Four years later, in an ironic coda to the '76 race, Reagan offered the vice presidential nomination to Mr. Ford, hoping to reassure moderate voters, only to be turned down by his former opponent.
A month before the Kansas City convention, Mr. Ford presided over the US bicentennial. The national birthday party was a high point of his time in office, and over the happily hectic course of the long Fourth of July weekend, Mr. Ford dedicated the new Smithsonian Air and Space Museum in Washington, spoke at the National Archives, visited Valley Forge, gave an address at Independence Hall in Philadelphia, and viewed Operation Sail in New York harbor.

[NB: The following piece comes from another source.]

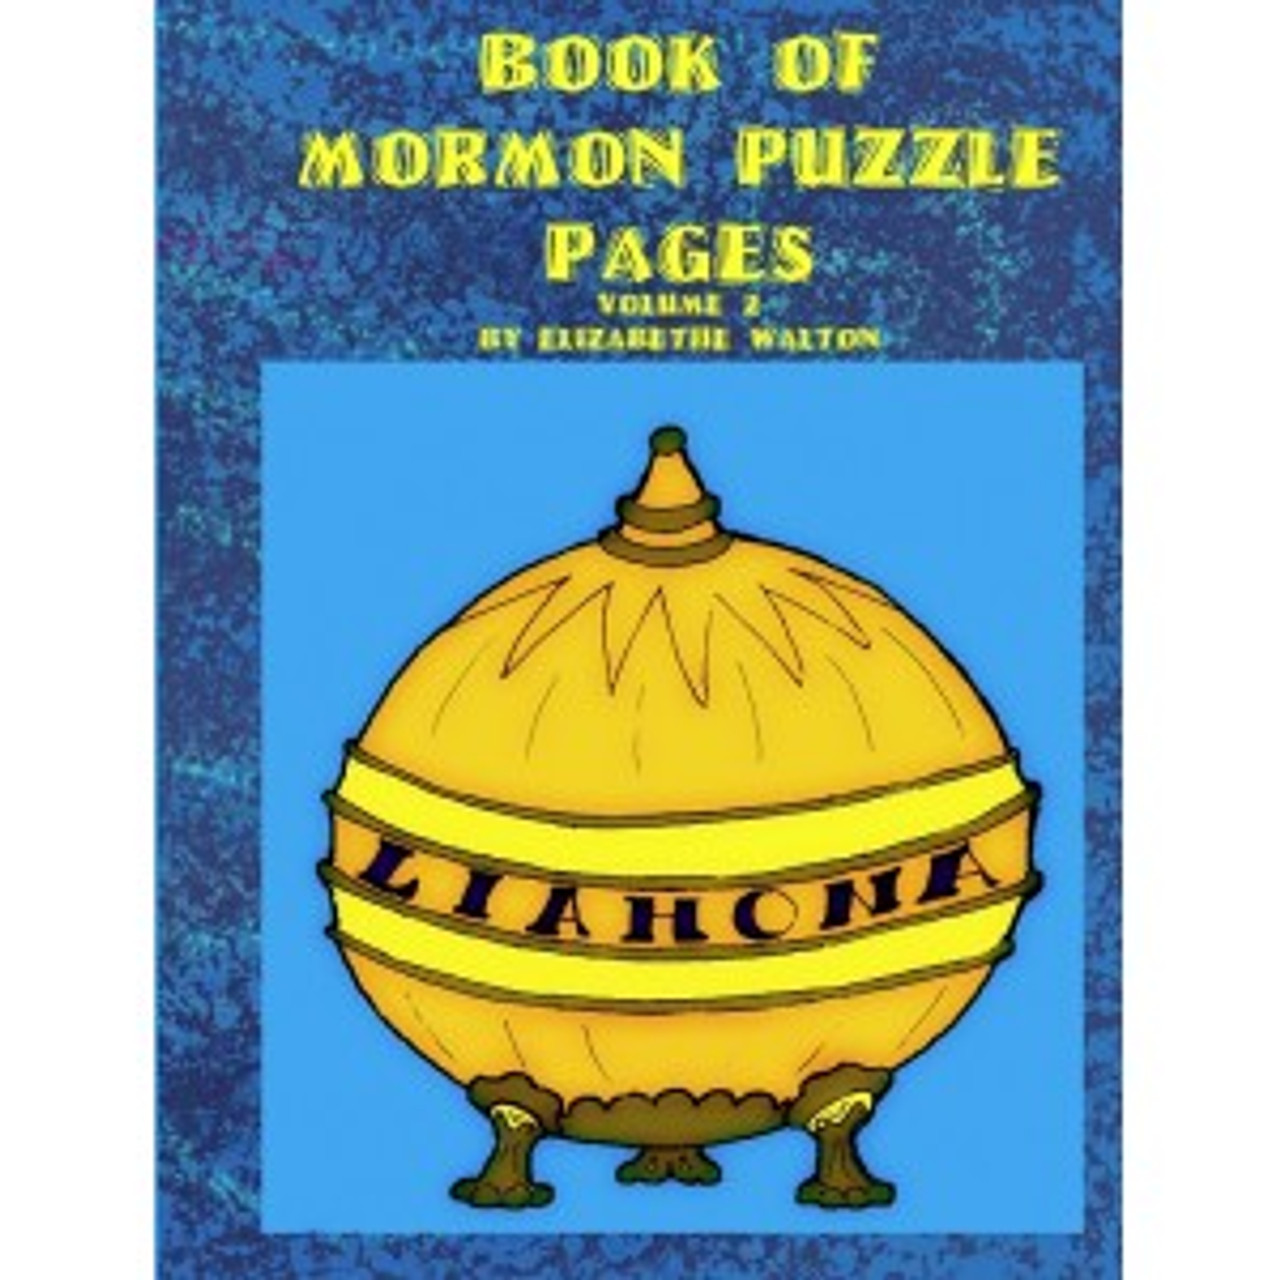 Book of Mormon Puzzle Pages Vol 2 *

The pleasure of that last event notwithstanding, Mr. Ford was unpopular in New York City. His opposition in October 1975 to a federal bailout of the bankrupt metropolis led to the celebrated Daily News headline, "Ford to City: Drop Dead." Coming only a few weeks after two assassination attempts in California, the controversy over New York occurred at the end of a particularly trying time in Mr. Ford's presidency.
According to a Harris poll, Mr. Ford trailed the Democratic nominee, former Georgia governor Jimmy Carter, by nearly 30 points after the Kansas City convention. With little to lose, Mr. Ford agreed to debate his opponent, the first presidential-election debates since those in 1960 between Kennedy and Nixon and the first-ever involving an incumbent. The move backfired, however, when Mr. Ford said in the Oct. 6 debate, in defense of the Helsinki agreement, "there is no Soviet domination in Eastern Europe."

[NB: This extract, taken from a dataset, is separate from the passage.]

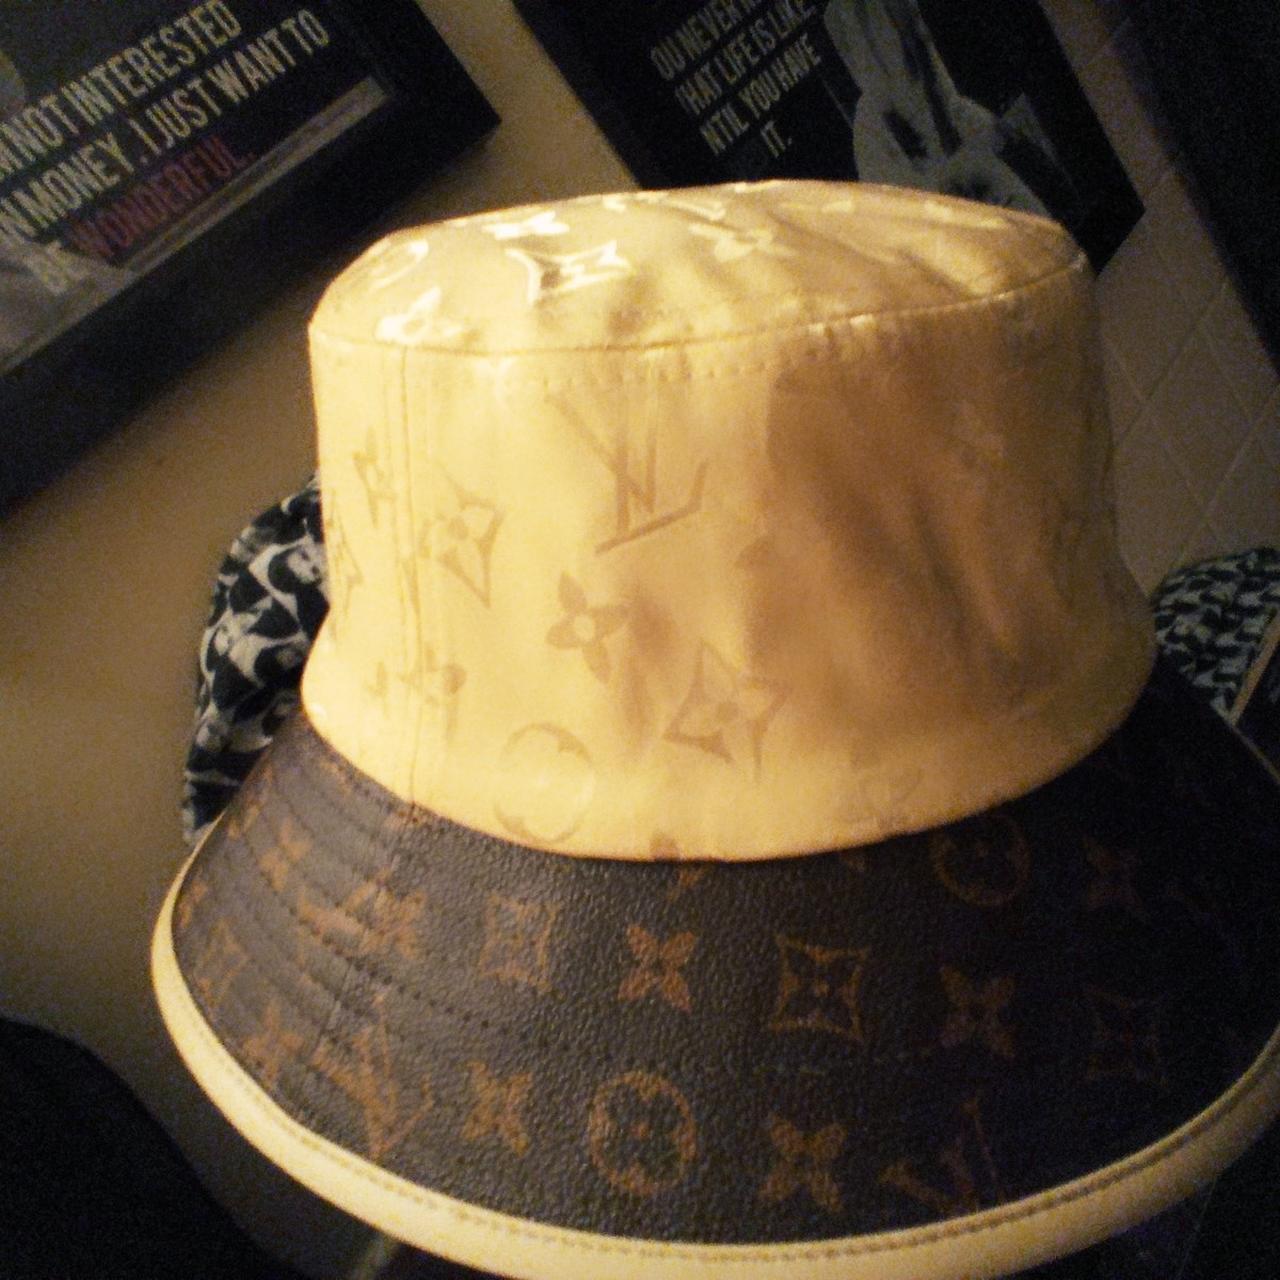 Corduroy Louis Vuitton bucket hat! Made from a - Depop

Even with that blunder, Mr. Ford almost managed to pull off one of the great electoral comebacks in US history. He visited 15 states, traveled nearly 16,000 miles in the final 11 days of the campaign, and left himself so hoarse Betty Ford had to read his concession speech.
In the end, Mr. Ford lost by fewer than 1.8 million votes out of 80 million cast.
Any rancor between Mr. Ford and his successor was dispelled when Carter began his inaugural address by saying, "For myself and for our nation, I want to thank my predecessor for all he has done to heal our land." He and Mr. Ford later became friendly, serving together on many panels and foreign missions.
Despite its brief duration, Mr. Ford's presidency had an impact still being felt in Washington today. Vice President Dick Cheney first rose to national prominence in the Ford White House, serving as chief of staff from 1975-77. Also Donald H. Rumsfeld had his first stint as secretary of defense, from 1975-77. He left the Bush administration this month.
In 1999, Mr. Ford was awarded the Presidential Medal of Freedom, the nation's highest civilian honor. In 2001, he was awarded the John F. Kennedy Profile in Courage Award for pardoning Nixon.
"Gerald Ford saw our nation through one of its darkest hours and his straightforward leadership helped steady the country," Senator Edward M. Kennedy said in a statement this morning. "His life was a tribute to public service."
In addition to his wife, Mr. Ford leaves three sons, Michael , John, and Steven; and a daughter, Susan Bales.